Todo lo que el hombre ve, siente, o que de alguna manera percibe, tiene que ser captado por la mente; puesto que la percepción, la sensación y la consciencia pertenecen a la mente y no a la materia. Dejándonos llevar por la corriente popular del pensamiento mortal sin poner en duda la autenticidad de sus conclusiones, hacemos lo que otros hacen, creemos lo que otros creen, y decimos lo que otros dicen. El consentimiento común es contagioso, y hace contagiosa la enfermedad.
La gente cree en enfermedades infecciosas y contagiosas, y que cualquiera está propenso a contraerlas al mediar ciertas causas predisponentes y ocasionales. Este estado mental lo prepara a uno para contraer cualquier enfermedad cada vez que se presenten las circunstancias que uno cree que la producen. Si uno creyera con igual sinceridad que la salud es contagiosa cuando se está en contacto con personas sanas, se contagiaría del estado de ellas tan positivamente y con mejor resultado que cuando se contagia del estado del hombre enfermo.
Si tan solo la gente creyera que el bien es más contagioso que el mal, puesto que Dios es omnipresencia, cuánto más seguro sería el éxito del médico, y la conversión de pecadores por el clérigo.
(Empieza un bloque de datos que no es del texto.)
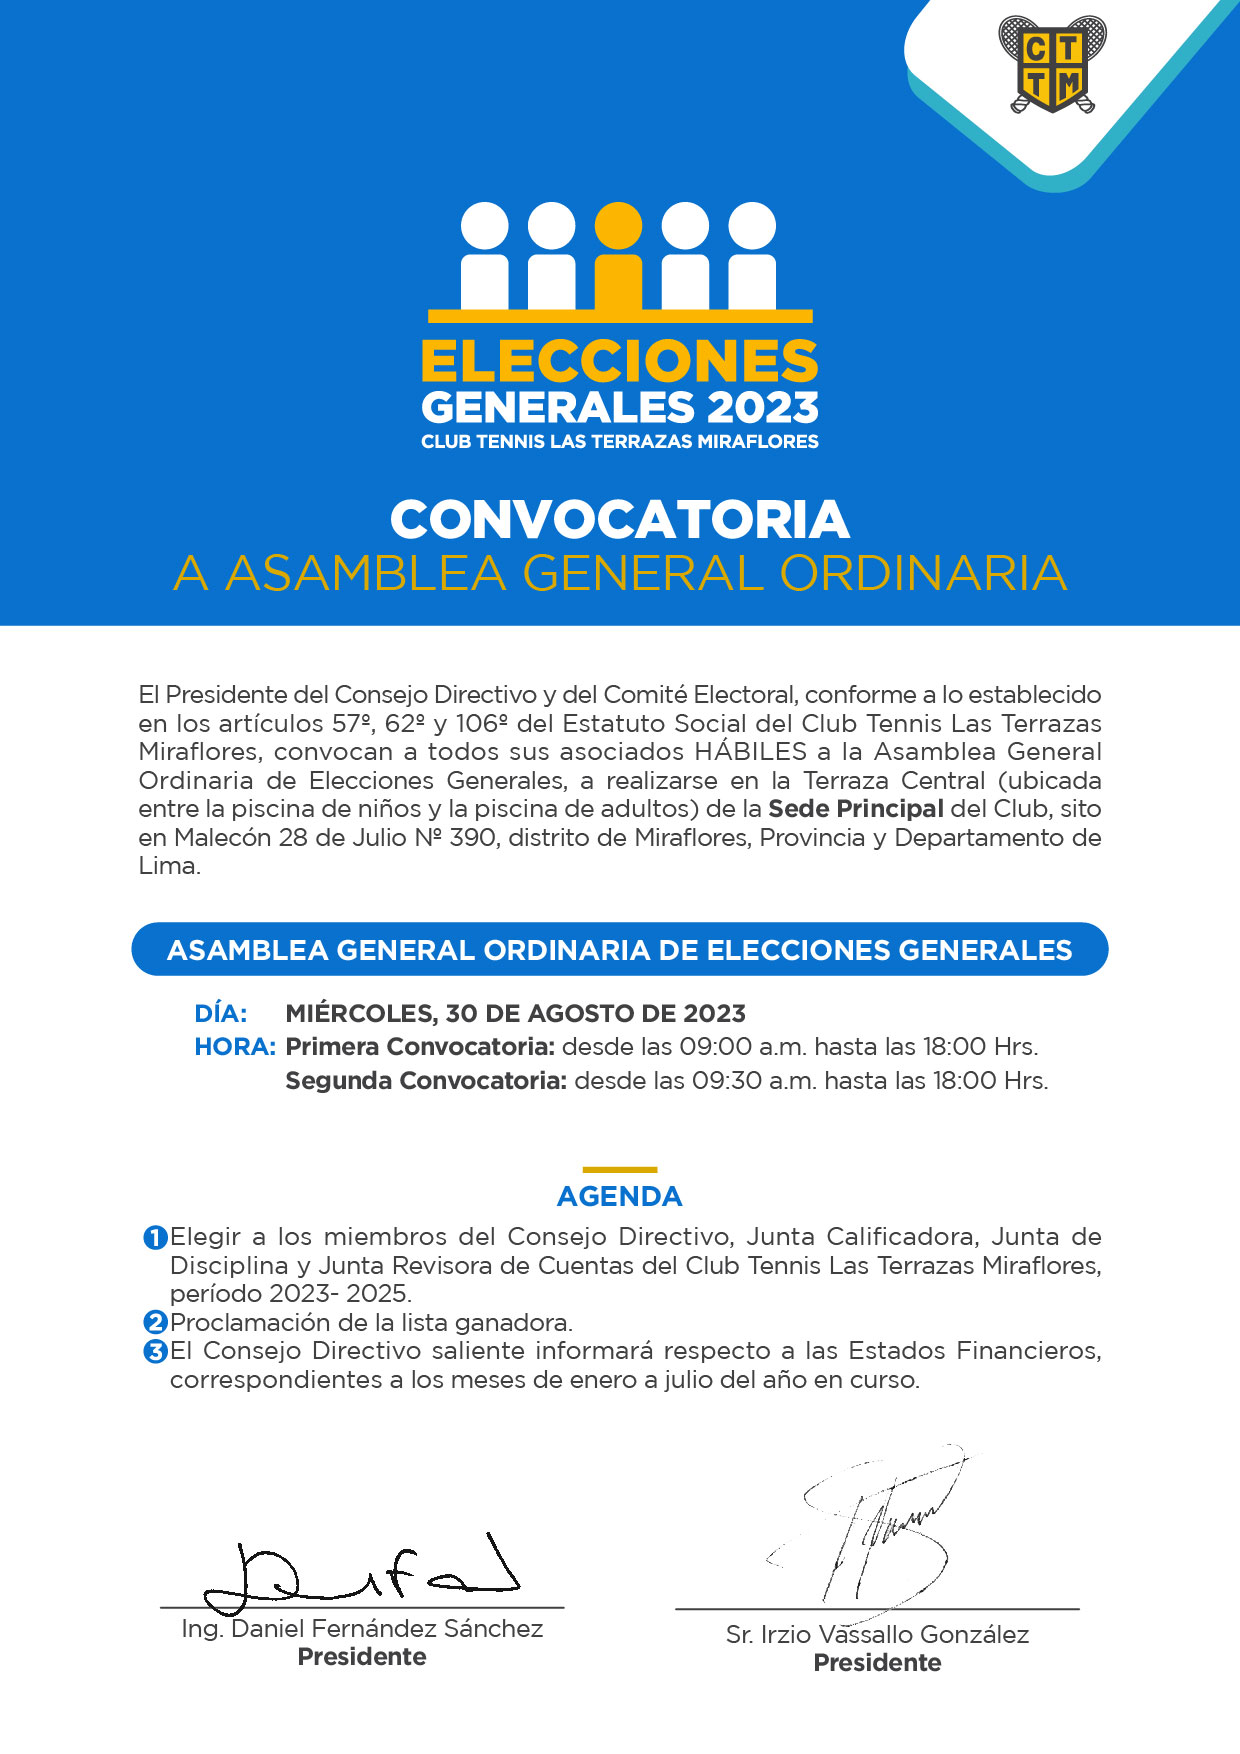 CONVOCATORIA ASAMBLEA GENERAL ORDINARIA DE ELECCIONES GENERALES DEL CLUB TENNIS LAS TERRAZAS MIRAFLORES

Y si tan solo el púlpito alentara la fe en Dios en este sentido, y la fe en la Mente por sobre toda otra influencia que gobierna la receptividad del cuerpo, la teología enseñaría al hombre como enseñó David: “Porque has puesto a Jehová, que es mi esperanza, al Altísimo por tu habitación, no te sobrevendrá mal, ni plaga tocará tu morada”.